**Dataset excerpts**
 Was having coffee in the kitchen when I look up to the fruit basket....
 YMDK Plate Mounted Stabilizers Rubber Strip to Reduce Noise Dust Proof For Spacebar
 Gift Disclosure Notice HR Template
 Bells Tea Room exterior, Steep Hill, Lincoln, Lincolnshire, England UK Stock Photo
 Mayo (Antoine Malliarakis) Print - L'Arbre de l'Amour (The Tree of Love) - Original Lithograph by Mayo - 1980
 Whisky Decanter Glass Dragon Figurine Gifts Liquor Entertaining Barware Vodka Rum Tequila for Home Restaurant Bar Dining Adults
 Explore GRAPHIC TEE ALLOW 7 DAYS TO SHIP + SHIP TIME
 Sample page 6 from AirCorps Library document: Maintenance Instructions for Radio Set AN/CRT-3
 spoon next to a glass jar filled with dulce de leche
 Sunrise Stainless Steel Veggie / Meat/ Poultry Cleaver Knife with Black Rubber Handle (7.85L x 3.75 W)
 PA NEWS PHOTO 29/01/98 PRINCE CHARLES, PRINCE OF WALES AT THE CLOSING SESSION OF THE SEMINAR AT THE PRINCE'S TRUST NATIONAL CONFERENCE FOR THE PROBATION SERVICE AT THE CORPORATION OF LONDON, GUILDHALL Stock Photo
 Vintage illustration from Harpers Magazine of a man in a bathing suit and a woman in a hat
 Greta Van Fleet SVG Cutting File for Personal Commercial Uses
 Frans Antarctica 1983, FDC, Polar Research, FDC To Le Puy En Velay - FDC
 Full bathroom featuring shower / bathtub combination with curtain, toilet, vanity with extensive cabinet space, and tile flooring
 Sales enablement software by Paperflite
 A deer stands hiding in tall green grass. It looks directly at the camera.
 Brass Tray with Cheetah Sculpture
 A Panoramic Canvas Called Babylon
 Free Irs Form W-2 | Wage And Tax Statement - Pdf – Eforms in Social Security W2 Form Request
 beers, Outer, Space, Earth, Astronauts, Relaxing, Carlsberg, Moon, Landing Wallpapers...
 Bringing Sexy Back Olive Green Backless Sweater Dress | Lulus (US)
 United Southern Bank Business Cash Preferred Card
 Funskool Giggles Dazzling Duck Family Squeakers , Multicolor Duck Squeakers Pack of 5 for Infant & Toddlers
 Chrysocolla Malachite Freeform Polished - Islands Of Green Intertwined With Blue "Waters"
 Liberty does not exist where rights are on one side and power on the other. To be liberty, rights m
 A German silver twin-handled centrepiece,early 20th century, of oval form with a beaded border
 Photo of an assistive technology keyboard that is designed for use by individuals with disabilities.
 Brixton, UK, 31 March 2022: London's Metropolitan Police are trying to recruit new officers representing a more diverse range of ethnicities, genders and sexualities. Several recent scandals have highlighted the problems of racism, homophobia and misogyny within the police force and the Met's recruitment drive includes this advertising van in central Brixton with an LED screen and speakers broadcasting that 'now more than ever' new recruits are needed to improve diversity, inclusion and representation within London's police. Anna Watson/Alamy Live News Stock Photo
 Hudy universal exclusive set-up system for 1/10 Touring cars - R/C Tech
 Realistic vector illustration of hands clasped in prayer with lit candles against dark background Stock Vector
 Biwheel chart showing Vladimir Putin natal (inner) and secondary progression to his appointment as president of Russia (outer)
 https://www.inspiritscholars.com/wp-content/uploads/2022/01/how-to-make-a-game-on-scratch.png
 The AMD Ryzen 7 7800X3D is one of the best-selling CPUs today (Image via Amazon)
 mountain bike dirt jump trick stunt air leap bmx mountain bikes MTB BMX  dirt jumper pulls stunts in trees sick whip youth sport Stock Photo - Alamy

**WHAT YOU HAVE TO DO**
Using only the entries above, output the line with "Free Irs Form", the line with "Realistic vector illustration", and all lines between them, exactly as they stand.

**WORKED SOLUTION**
 Free Irs Form W-2 | Wage And Tax Statement - Pdf – Eforms in Social Security W2 Form Request
 beers, Outer, Space, Earth, Astronauts, Relaxing, Carlsberg, Moon, Landing Wallpapers...
 Bringing Sexy Back Olive Green Backless Sweater Dress | Lulus (US)
 United Southern Bank Business Cash Preferred Card
 Funskool Giggles Dazzling Duck Family Squeakers , Multicolor Duck Squeakers Pack of 5 for Infant & Toddlers
 Chrysocolla Malachite Freeform Polished - Islands Of Green Intertwined With Blue "Waters"
 Liberty does not exist where rights are on one side and power on the other. To be liberty, rights m
 A German silver twin-handled centrepiece,early 20th century, of oval form with a beaded border
 Photo of an assistive technology keyboard that is designed for use by individuals with disabilities.
 Brixton, UK, 31 March 2022: London's Metropolitan Police are trying to recruit new officers representing a more diverse range of ethnicities, genders and sexualities. Several recent scandals have highlighted the problems of racism, homophobia and misogyny within the police force and the Met's recruitment drive includes this advertising van in central Brixton with an LED screen and speakers broadcasting that 'now more than ever' new recruits are needed to improve diversity, inclusion and representation within London's police. Anna Watson/Alamy Live News Stock Photo
 Hudy universal exclusive set-up system for 1/10 Touring cars - R/C Tech
 Realistic vector illustration of hands clasped in prayer with lit candles against dark background Stock Vector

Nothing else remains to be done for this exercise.